Autor: Paweł Paroń (pawelp_at_freeland.lublin.pl)
Data: Tue 04 Mar 2003 - 15:54:38 MET
In article <3E64AED1.683FBC25_at_wytnij_to.icho.edu.pl>, Karol Michalak wrote:
> Ja myślałem o innym rozwiązaniu. Kupić jakiś w miarę topowy procesor i
> odtaktowac go np. do połowy nominalnego taktowania. Ostatnio wyciągnąłem
> swój stary komp z k62-550 na pokładzie i ustawiłem go na 300 Mhz. Był
> lekko ciepły nawet bez radiatora. Może z Athlonem było by podobnie. Zawsze
> to lepiej mieć np Athlona XP @700 czy 800 MHz niż wynalazek VIA i Cyrixa
> pracującego przy podobnej częstotliwości (800 MHz). Nazwy tych dwóch firm
> działają na mnie nadzwyczaj odstręczająco.

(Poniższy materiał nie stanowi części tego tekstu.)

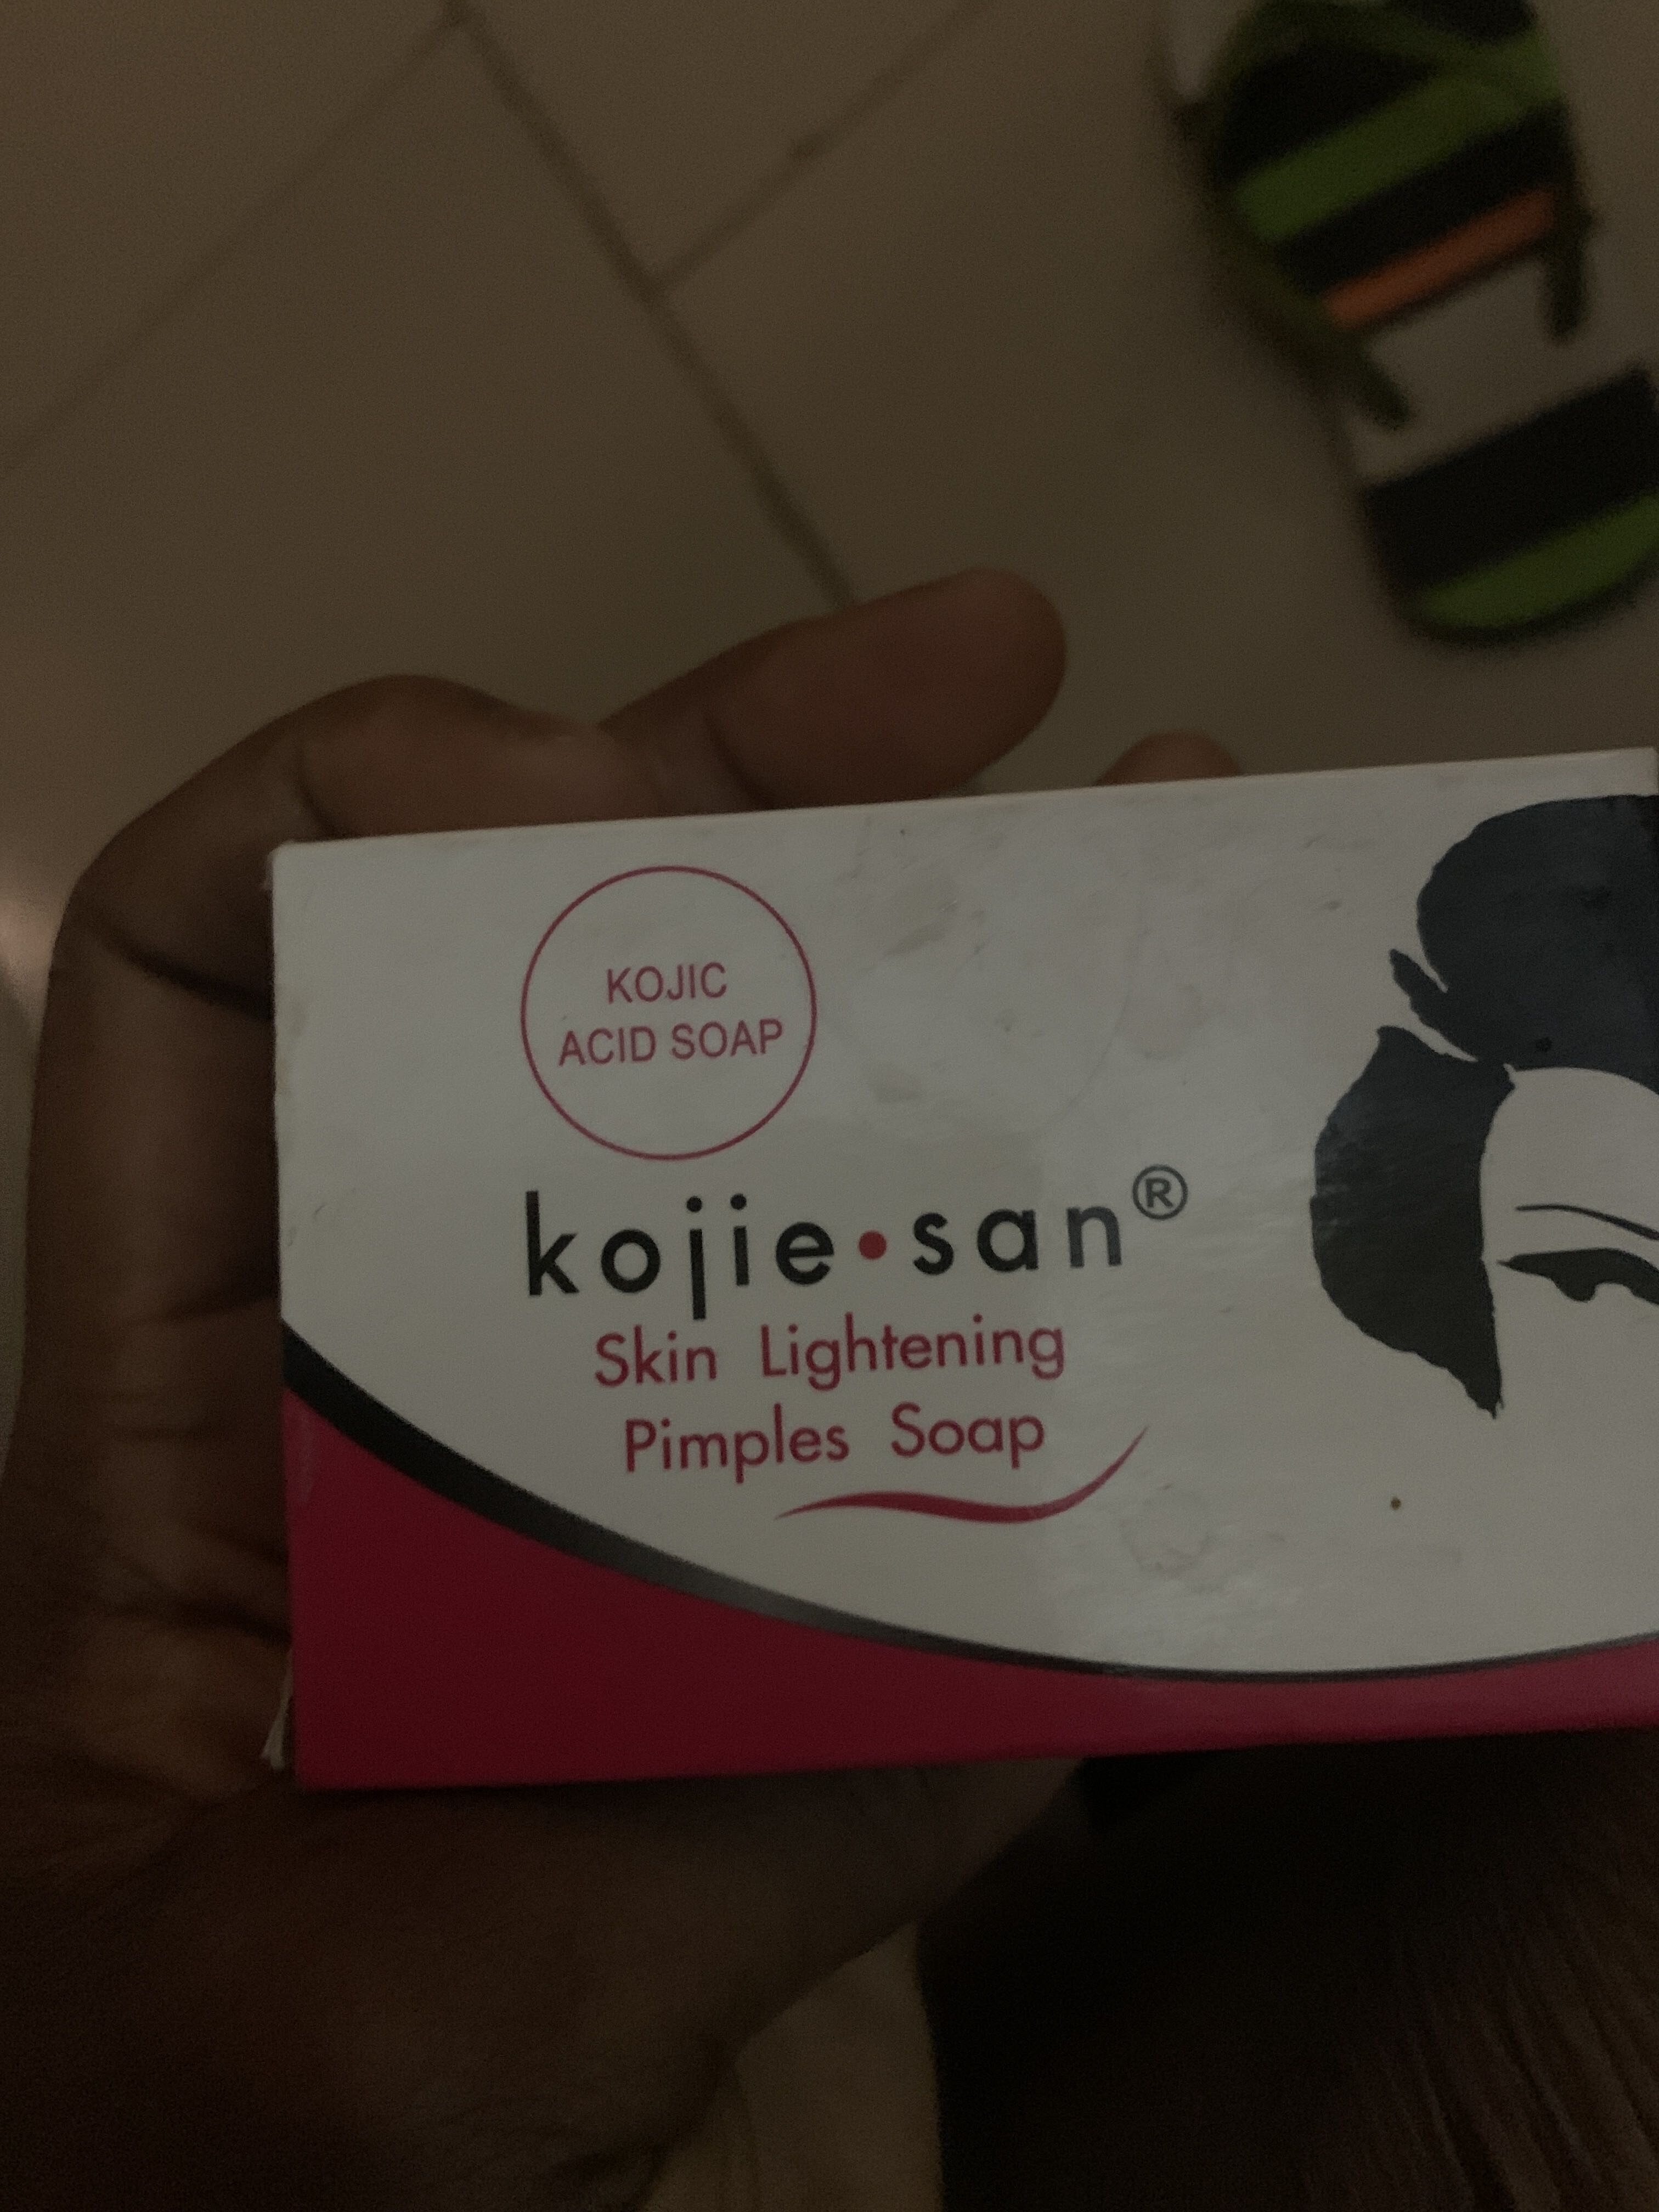 Kojie San skin lightening pimples soap - Product - en

Rozwiązanie niewiele droższe, a
> wydaje mi się, ze jest ciekawsze.
Ale nie "odtaktujesz" łatwo Athlona np. z 1400MHz na 700MHz, bo musiałbyś
przestawić szynę chyba na 66MHz, nawet jeśli płyta główna ma taki zakres
regulacji, to jednocześnie "odtaktujesz" pamięć, a pewnie i szynę PCI, co
nie jest wcale potrzebne. Gdzieś czytałem, że trzeba by grzebać przy
procesorze i zaklejać czy przecinać jakieś mostki, żeby zmienić sam mnożnik.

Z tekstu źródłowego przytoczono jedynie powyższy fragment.